Laws of the State of New York
Author : New York (State)
Publisher :
Page : 1326 pages
File Size : 44,74 MB
Release :
Category : Session laws
ISBN :
Author : New York (State)
Publisher :
Page : 1326 pages
File Size : 44,74 MB
Release :
Category : Session laws
ISBN :
Author :
Publisher :
Page : 616 pages
File Size : 18,16 MB
Release : 1973
Category : Union catalogs
ISBN :
Includes entries for maps and atlases.
Author : Patricia E. Salkin
Publisher : American Bar Association
Page : 258 pages
File Size : 17,17 MB
Release : 2004
Category : Business & Economics
ISBN : 9781590314173
This useful guide is a compilation of significant trends in land use law, featuring landmark court decisions from the U.S. Supreme Court, federal district courts and state high courts.
Author :
Publisher :
Page : 650 pages
File Size : 15,11 MB
Release : 1964
Category : American literature
ISBN :
Author :
Publisher :
Page : 998 pages
File Size : 18,22 MB
Release :
Category :
ISBN :
Author : South Central Research Library Council. Local History Committee
Publisher :
Page : 210 pages
File Size : 50,20 MB
Release : 1976
Category : Libraries
ISBN :
Also includes genealogical and biographical materials.
Author : Steven G. Poskanzer
Publisher : JHU Press
Page : 372 pages
File Size : 31,75 MB
Release : 2002-01-21
Category : Education
ISBN : 9780801867491
"Do we need to talk to our lawyers about this?" "What do the attorneys say?" "Why didn't you get the lawyers involved before now?" Just about every department chair and dean, certainly every provost and president, and an ever-increasing number of faculty find themselves asking—or being asked—such questions.

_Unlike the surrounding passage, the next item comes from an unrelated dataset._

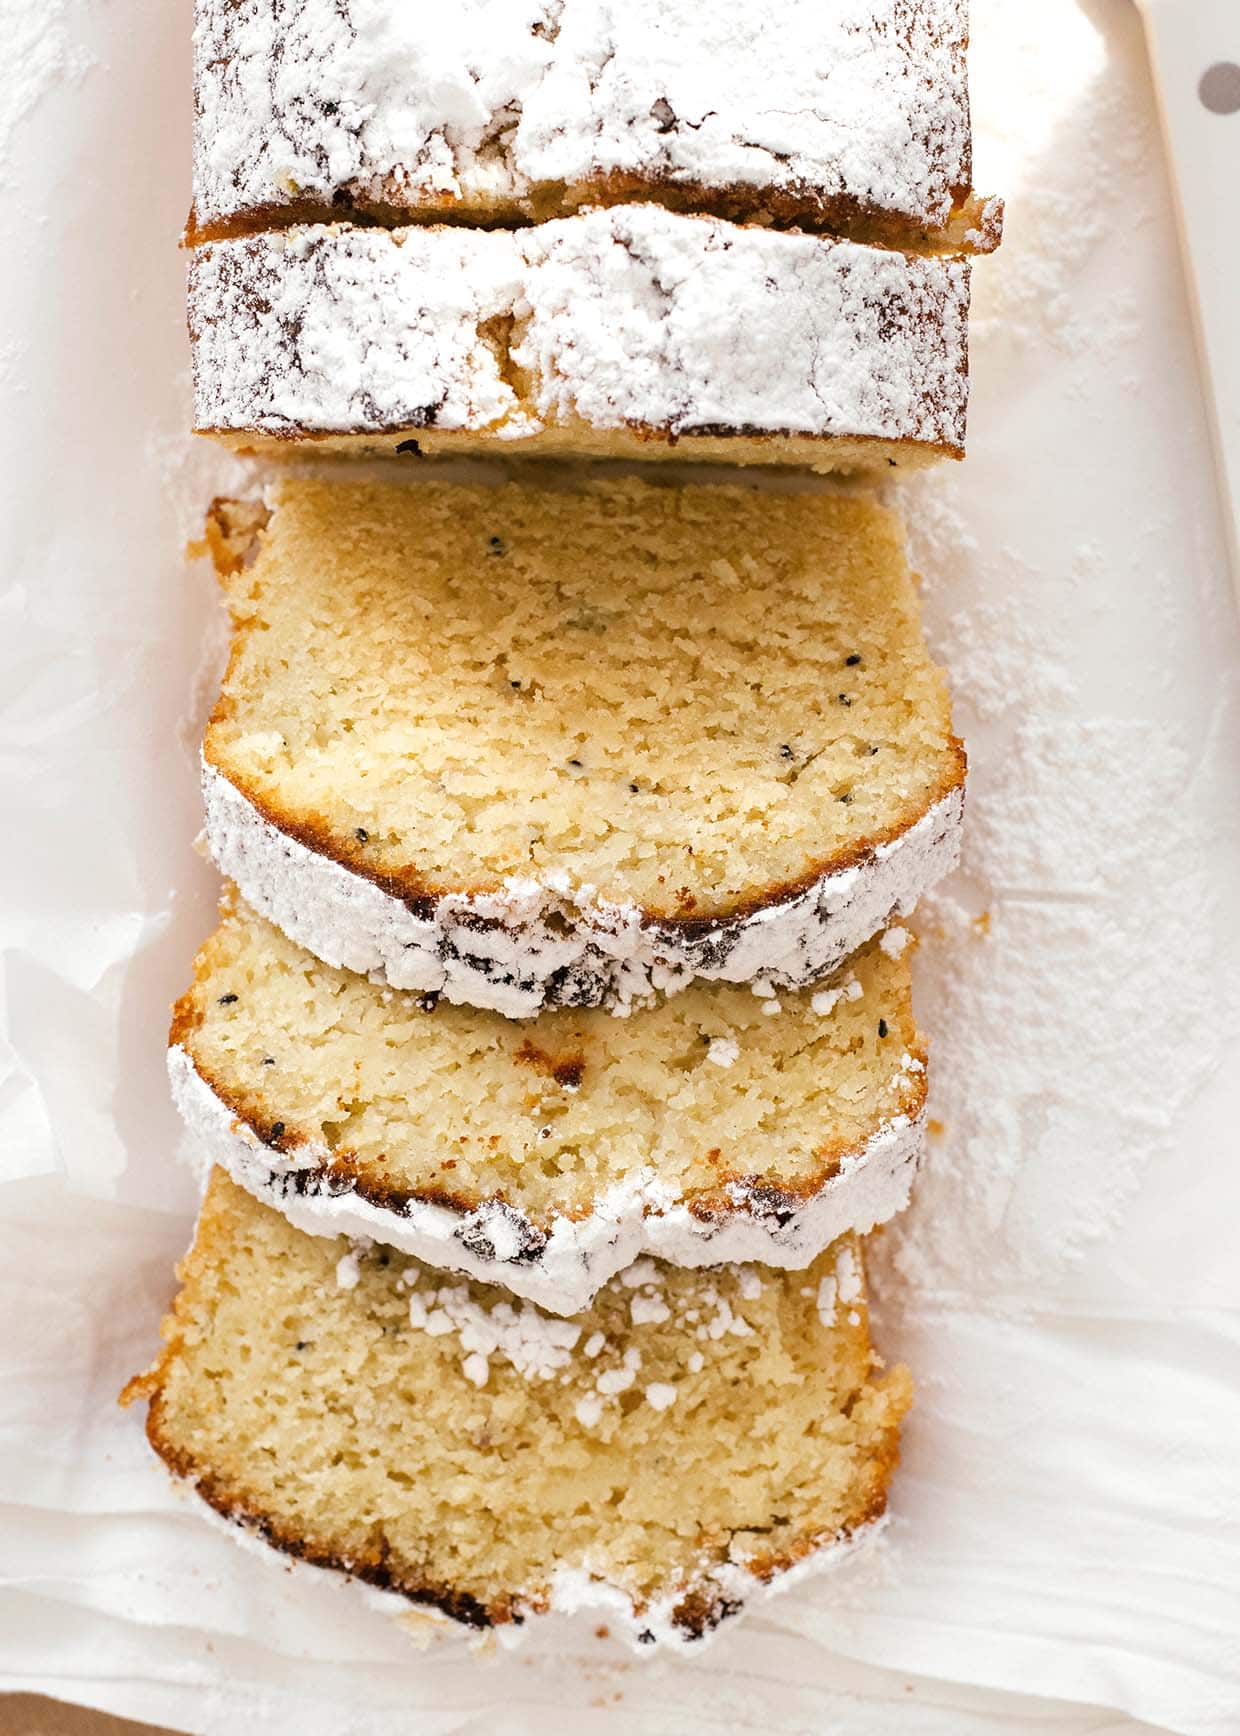 slices of pound cake dusted with powdered sugar

Dealing with issues ranging from academic freedom to job security and faculty discipline, lawyers, legal requirements, and lawsuits has become an established part of the apparatus of American higher education. Higher Education Law was written to help faculty and administrators navigate critical legal issues and avoid potential legal pitfalls. Drawing on his experience as university counsel, administrator, and teacher at a number of institutions, Steven G. Poskanzer explains the law as it pertains to faculty activities both inside and outside the academy, including faculty roles as scholars, teachers, and members of institutional communities, as well as employees and public citizens. In each of these areas, he expands his discussion of cases and decisions to set out his own views both on the current status of the law and how it is likely to evolve.
Author : Sonia A. Hirt
Publisher : Cornell University Press
Page : 258 pages
File Size : 24,58 MB
Release : 2015-02-24
Category : Social Science
ISBN : 0801454700
Why are American cities, suburbs, and towns so distinct? Compared to European cities, those in the United States are characterized by lower densities and greater distances; neat, geometric layouts; an abundance of green space; a greater level of social segregation reflected in space; and—perhaps most noticeably—a greater share of individual, single-family detached housing. In Zoned in the USA, Sonia A. Hirt argues that zoning laws are among the important but understudied reasons for the cross-continental differences.Hirt shows that rather than being imported from Europe, U.S. municipal zoning law was in fact an institution that quickly developed its own, distinctly American profile. A distinct spatial culture of individualism—founded on an ideal of separate, single-family residences apart from the dirt and turmoil of industrial and agricultural production—has driven much of municipal regulation, defined land-use, and, ultimately, shaped American life. Hirt explores municipal zoning from a comparative and international perspective, drawing on archival resources and contemporary land-use laws from England, Germany, France, Australia, Russia, Canada, and Japan to challenge assumptions about American cities and the laws that guide them.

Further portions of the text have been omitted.